John Wayne’s son Michael was a shrewd businessman and knew what makes a commercial success. It was Andrew V McLaglen’s biggest film to date as director. He was a pretty poor director of Westerns in my view, at best second-rate. He was son of John Ford stock company member Victor McLaglen and started on Gun the Man Down, a James Arness semi-TV spin-off which Wayne produced, in 1956. He then did a lot of TV work, notably 116 Have Gun, Will Travel episodes, 1957 – 63. He directed James Stewart in two of Stewart’s weakest Westerns, the soap-opera Shenandoah and the total turkey The Rare Breed, and Wayne used him quite a lot after McLintock!, for The Undefeated (1969), Chisum (1970) and Cahill, US Marshal (1973). To be fair, these last were commercial successes and many people remember Wayne from these late 60s and early 70s motion pictures.

The movie has its moments

The movie has its momTents. It’s photographed by William Clothier in Arizona, for one thing. The supporting acting, for another: in particular, Chill Wills as Wayne’s long-suffering factotum, Strother Martin as the cowardly Indian agent, bald Hank Worden as ‘Curly’ and, especially, Edgar Buchanan as a dirty old trapper or miner. Good old Bob Steele is the train driver and the Indian chief Puma is played, obviously, by Australian Michael Pate, who cornered the market in Indian chiefs from Hondo on.

 

The liberal and insipid Governor is called Humphrey, a 1960s dig at the Democrat Vice-President and Presidential candidate so despised by Wayne.
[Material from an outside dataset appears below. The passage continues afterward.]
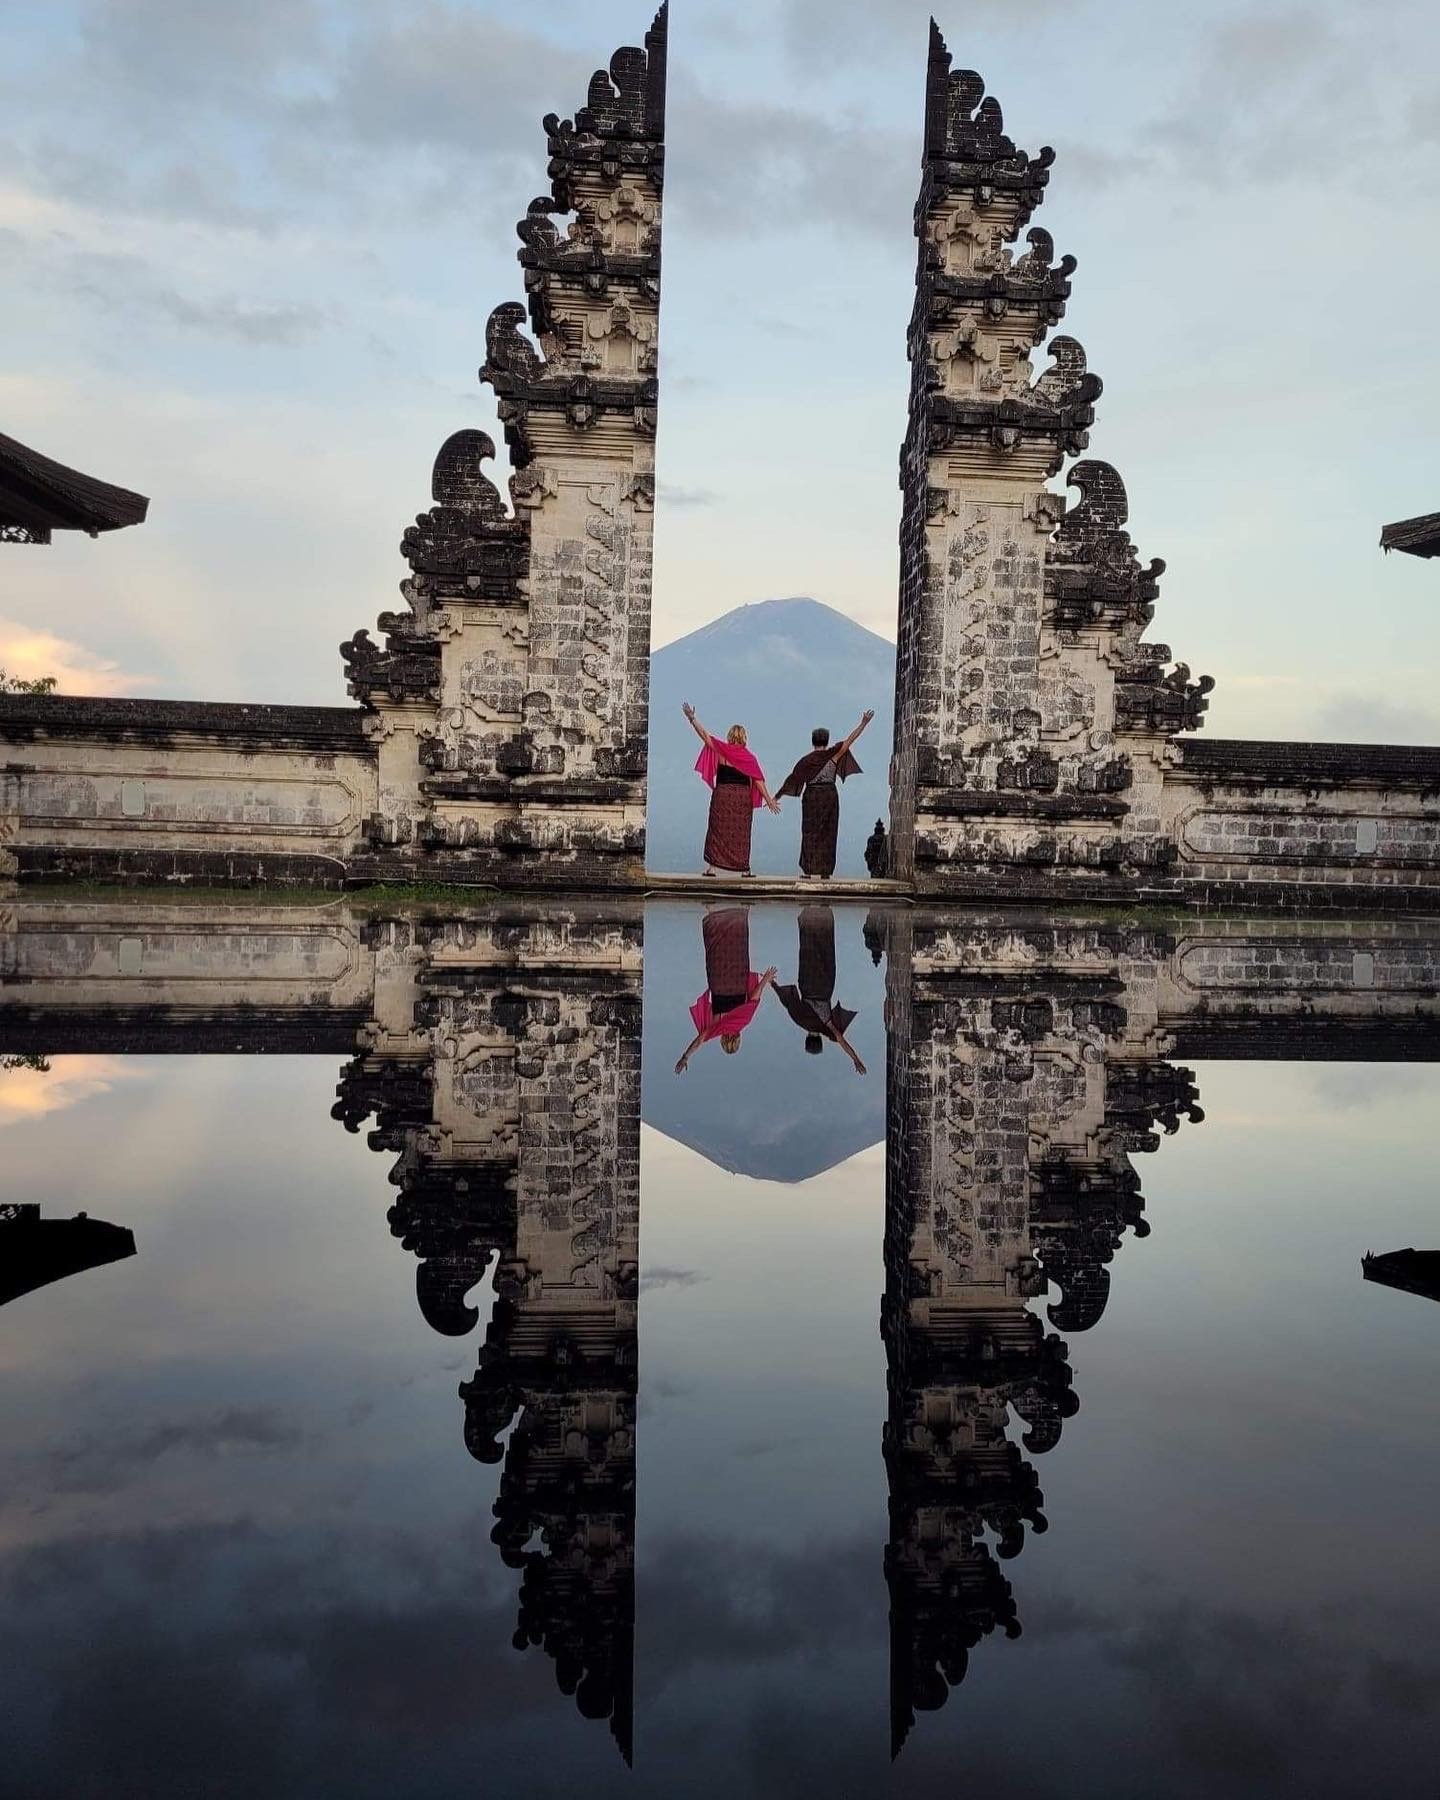 Heavens Gate - Bali Accommodation, Tours, Transport & Bali Guide

The snooty Maureen O’Hara and an aging Wayne do their Quiet Man act and there’s a lot of shouting. There’s none of the subtlety of the Wayne/O’Hara relationship of Rio Grande (the only time O’Hara came close to being any good). McLaglen isn’t Ford and the story doesn’t allow it.

Just when I was watching and thinking, ‘It could have been worse; there could have been songs,” they had one.

A film full of energy

It’s certainly full of energy and the actors probably enjoyed it. But I don’t think we would be justly considered superior or patronizing if we called the humor broad. A lusty Western farce, perhaps. OK if you like that kind of thing.

One of the worst Wayne Westerns ever would be another way of looking at it!!